AI-powered chatbots are frequently used in areas such as academic writing, education, queries from medical and dental students, diagnostic support for doctors and information about patients’ diseases [12]. Comparing the performance of AI-powered chatbots in dental education and practice to that of human professionals is a significant indicator for verifying the possible usage of AI in dentistry [3, 13]. So far, a limited number of studies evaluated the performance of AI-powered chatbots in answering inquiries about dentistry. Their application in general dental board exams, which includes questions from all specialties, is underexplored. Recently, specialization in dentistry, as in medicine, has become more and more in demand; thus, dentists in Turkey who have completed a five-year undergraduate dental program are beginning to see specialization as a career goal.
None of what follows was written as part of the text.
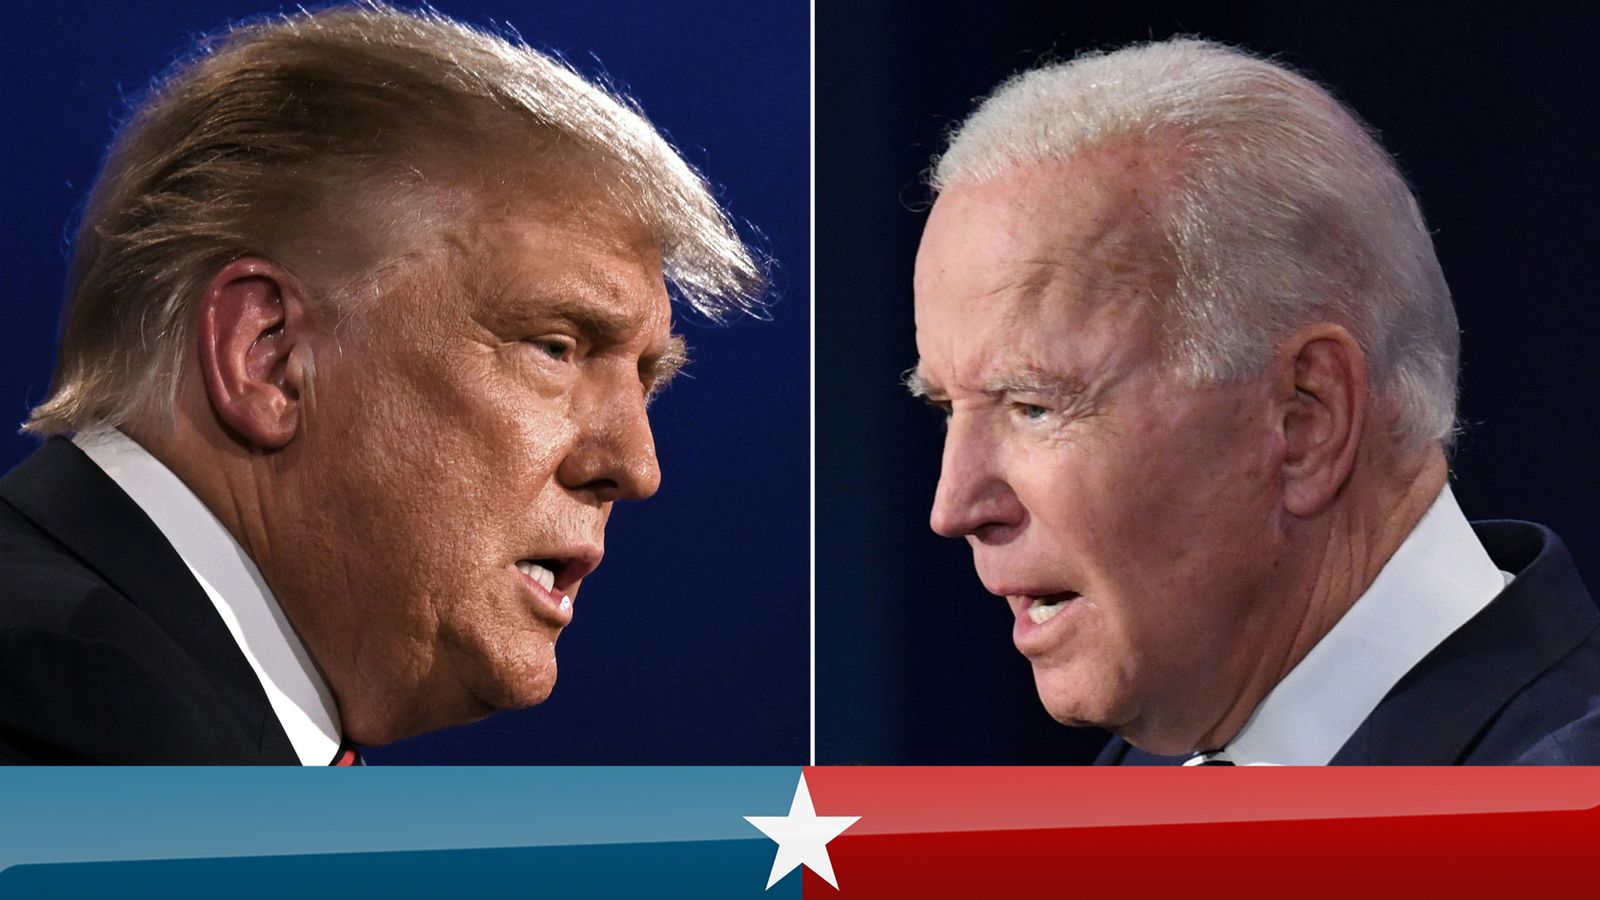 US Election 2020: Trump reverts to form while Biden focuses on pandemic as fight for Florida intensifies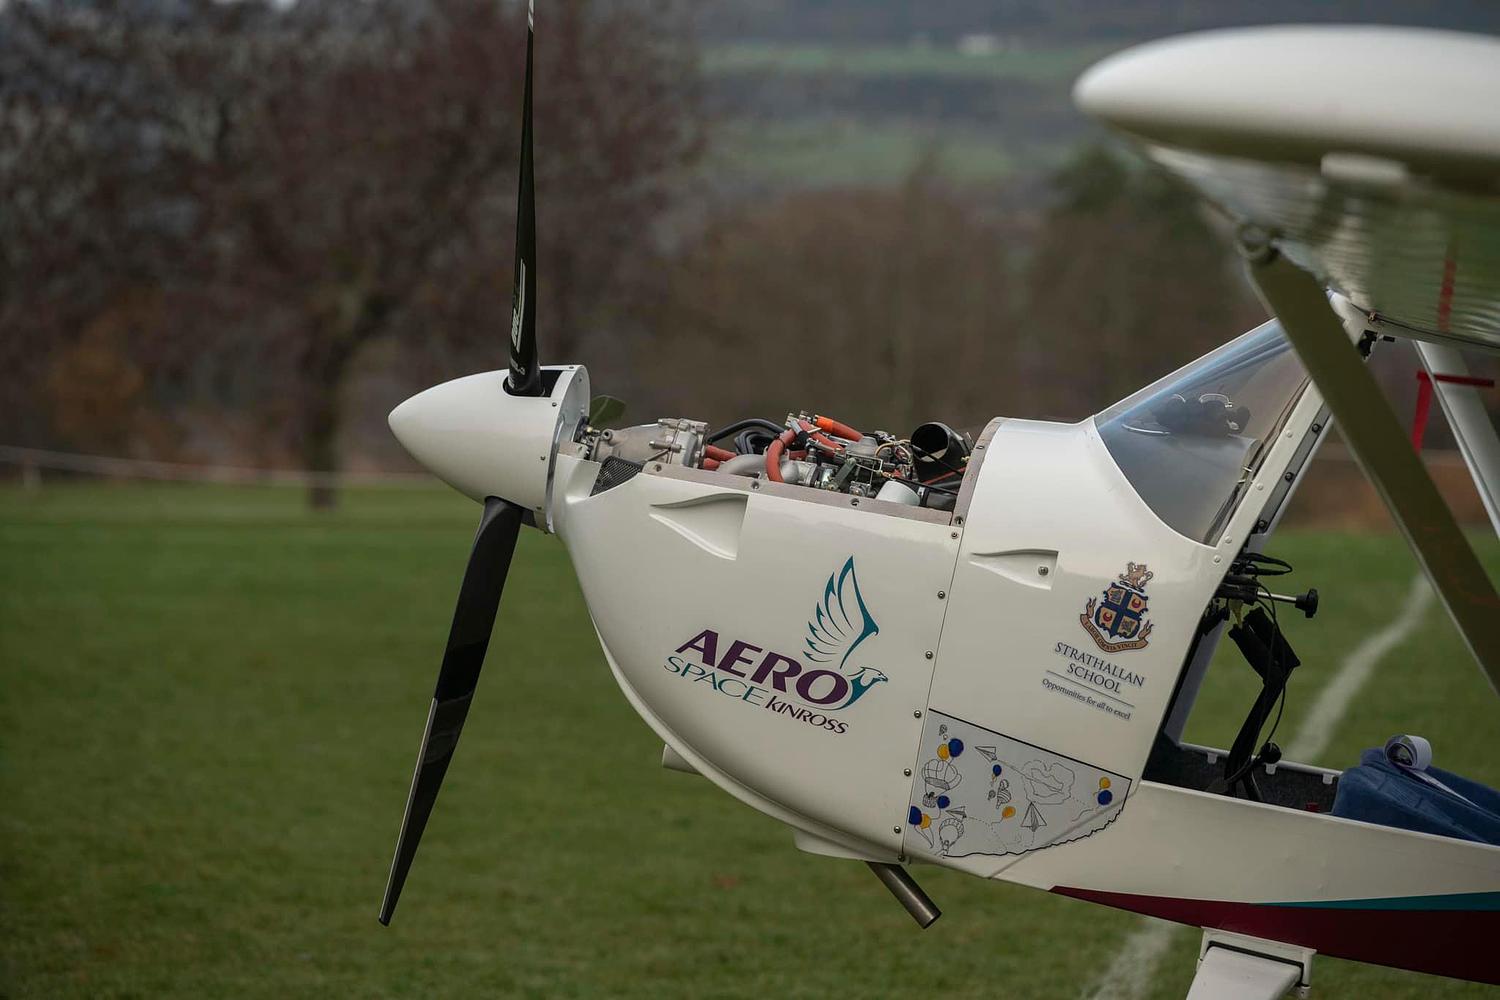 Soaring success: Fife airport welcomes Strathallan student-built plane for testing

The only way to receive specialization training in Turkey is to succeed in the dental specialization exam (DUS), which is a central exam based on competence and competition principles and regulated by Turkish state authorities. It questions the professional knowledge of dental graduates in clinical dentistry and basic sciences and consists of multiple-choice questions (MCQs) [14]. MCQs provide educators with achievement data, evaluate a broad range of topics, grade and provide feedback effectively, and cover a huge number of domains; thus, still the most commonly utilized objective method to measure student learning. Furthermore, answering MCQs helps students identify their knowledge gaps quickly, which is helpful for planning future learning [5, 15]. Studies have indicated that AI-powered chatbots possess a high capability for answering MCQs [16].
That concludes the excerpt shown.